A Python Poisson E-Test.

March 24 2019
Keywords: python,poisson,hypothesistesting

At work we are doing tests on different paid search optimization tools. We wanted to see if a new tool offered improvements over what we had been using. In reality we are comparing the two on all sorts of metrics, but as an example we can focus on comparisons with respect to the cost paid per click, CPC, measured in USD.

Cost per click is an example of a Poisson distributed variable. We started measuring the CPC during some control period using the current tools, then switched to the new tool in a test period.

Those data might look something like:

  Control Test
CPC $10 $9
Cost $400 $450
Clicks 40 50

The question is: How likely are we to obtain those data under the assumption that there was no change in overall CPC?

That question specifies the null hypothesis: the two periods of data were generated from the same distribution. Under the alternative hypothesis the test period data might have a greater or lesser CPC.

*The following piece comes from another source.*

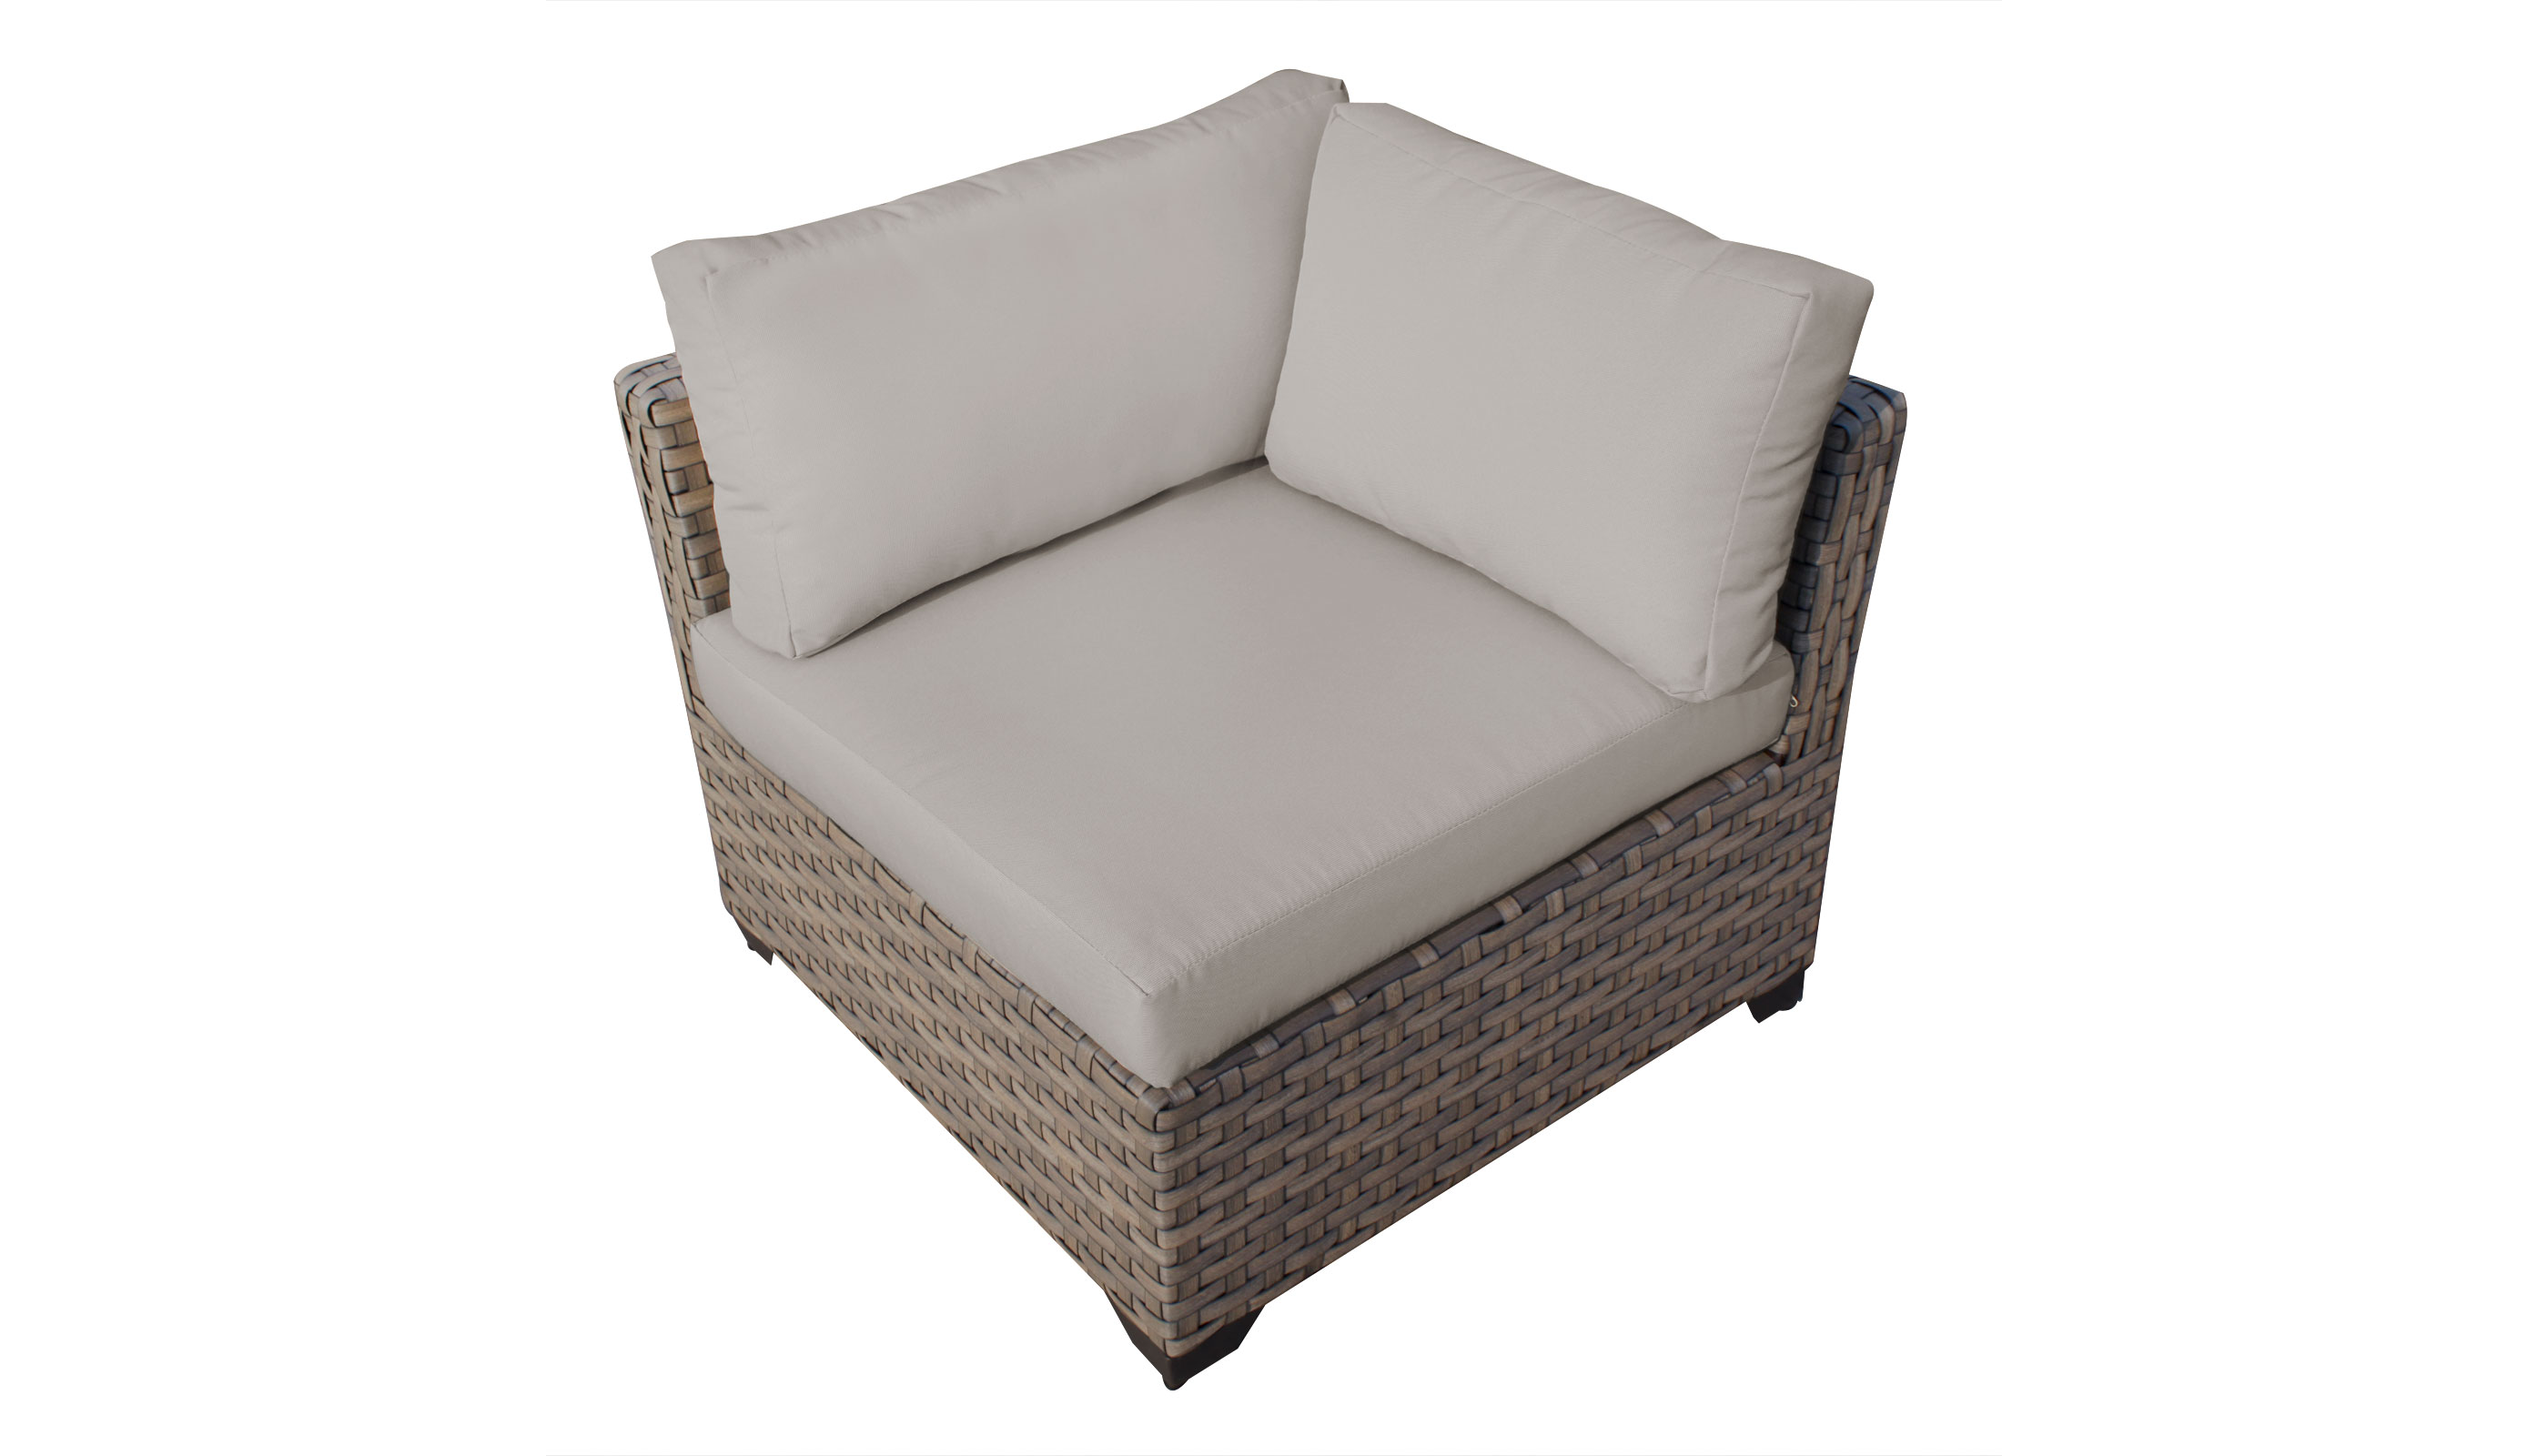 Monterey 3 Piece Outdoor Wicker Patio Furniture Set 03b - TK Classics

The Poisson Exact Test (E-Test) is a hypothesis test for answering this kind of question. In R, you can use poisson.test, which implements the similar but inexact Poisson C-Test. But in Python, no such implementation exists.

I dug up the original Fortran code posted to the academic website belonging to one of the authors of the test. I edited it very minimally so that it could be wrapped by the Numpy Fortran to Python interface generator. Then I packaged it and posted on pypi, so you can use it too!

Usage

Just plug in the numbers to get your answer!

1
2
3
4
5
6
7
8
9
10
11
from poisson_etest import poisson_etest

control_cost = 400
control_clicks = 40
test_cost = 450
test_clicks = 50

p = poisson_etest(control_cost, test_cost, control_clicks, test_clicks)

print(p)
# 0.12732580695256054

We believe more in the estimate of each period’s CPC if we have more clicks. That is, I wouldn’t say we know much about the CPC of the Test period after only obtaining a single click. Conversely, we have a strong estimate of the CPC after many hundreds.

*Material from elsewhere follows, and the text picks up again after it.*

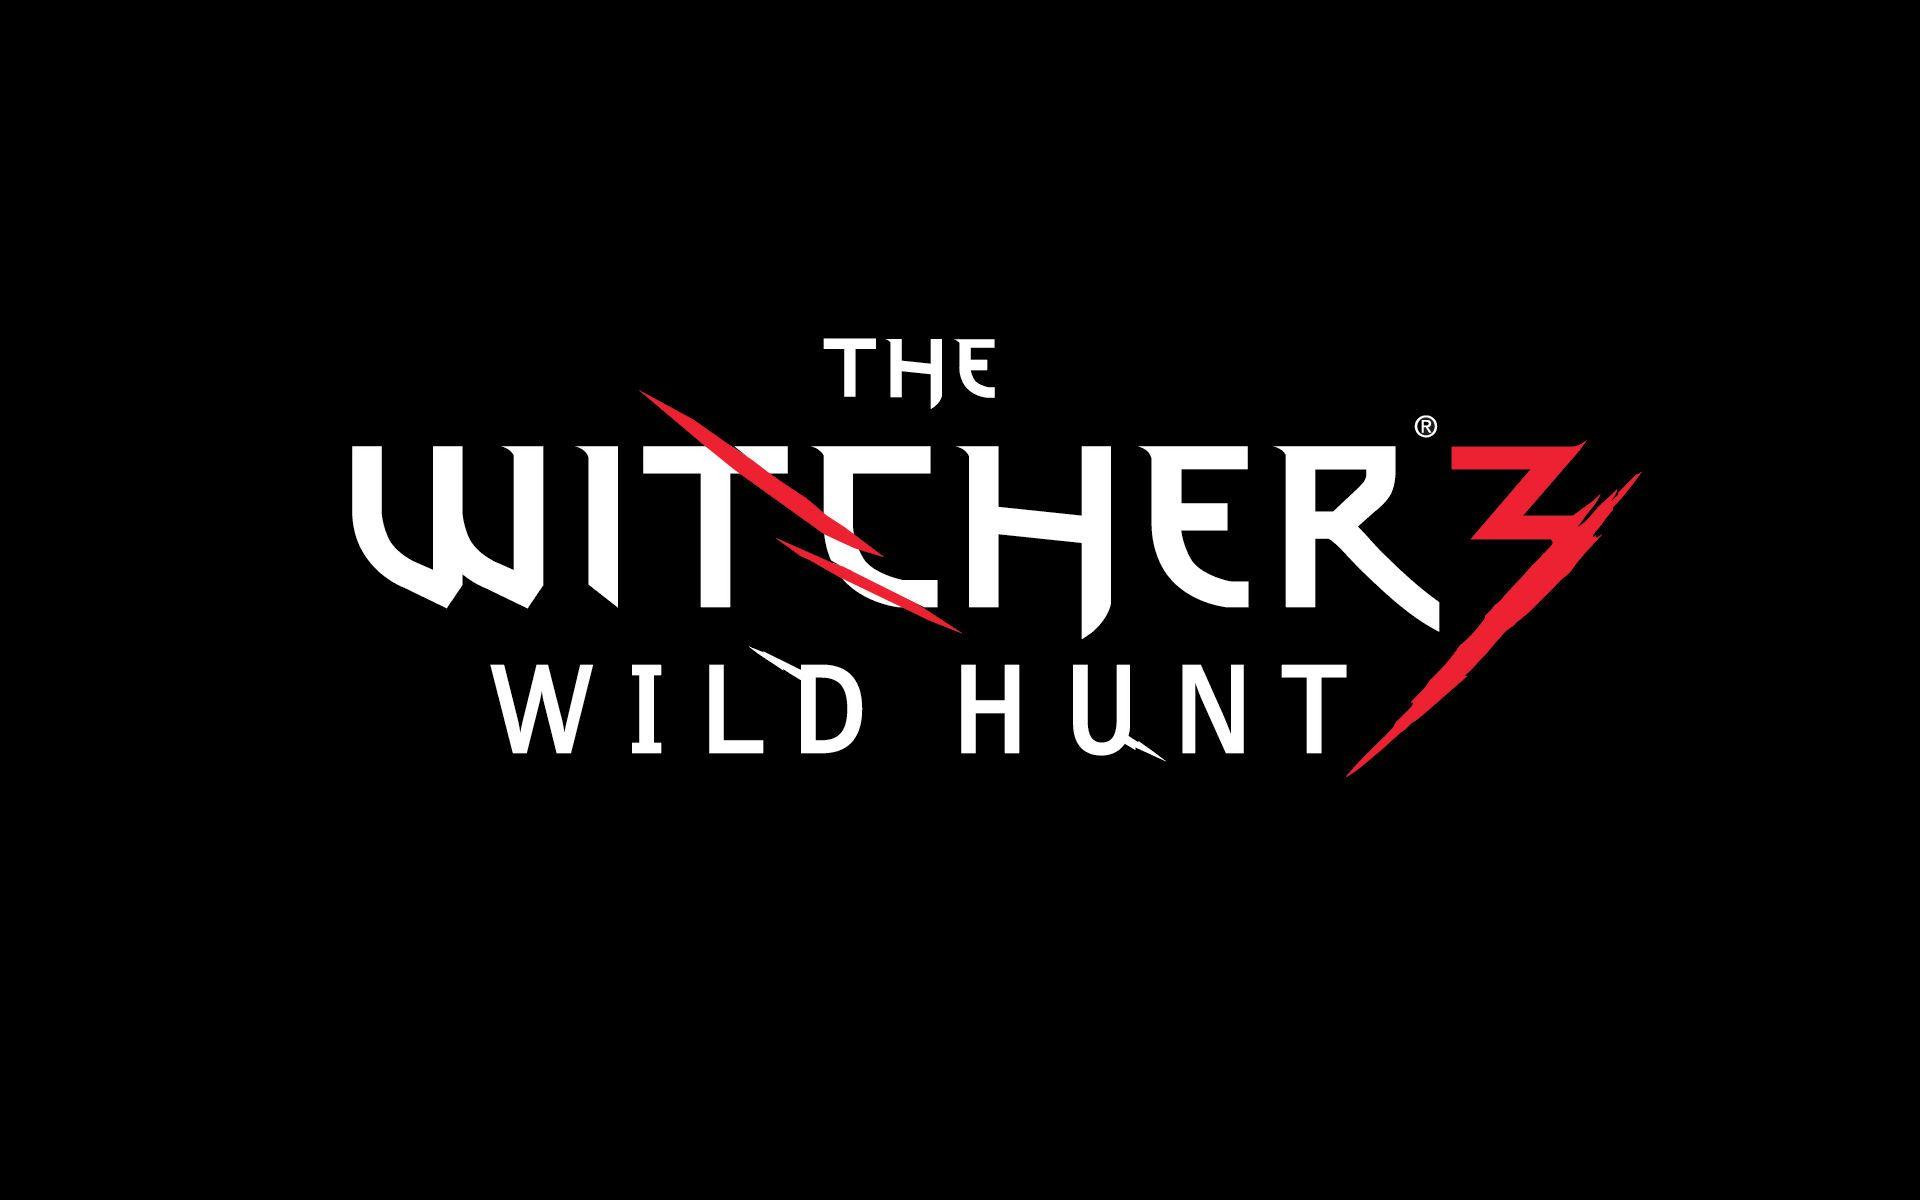 The Witcher 3 Wild Hunt Logo Wallpaper 44779 1920x1200 px

This test is useful in that it accounts for the sample size accordingly. Keeping the CPC’s the same, lets check on the results if we had over 100 clicks in each period:

1
2
3
4
control_clicks = 105
test_clicks = 100
control_cost = control_clicks * 10
test_cost = test_clicks * 9

Now, the probability that the two were generated from the same distribution is much smaller:

1
2
3
4
p = poisson_etest(control_cost, test_cost, control_clicks, test_clicks)

print(p)
# 0.0034409891789582165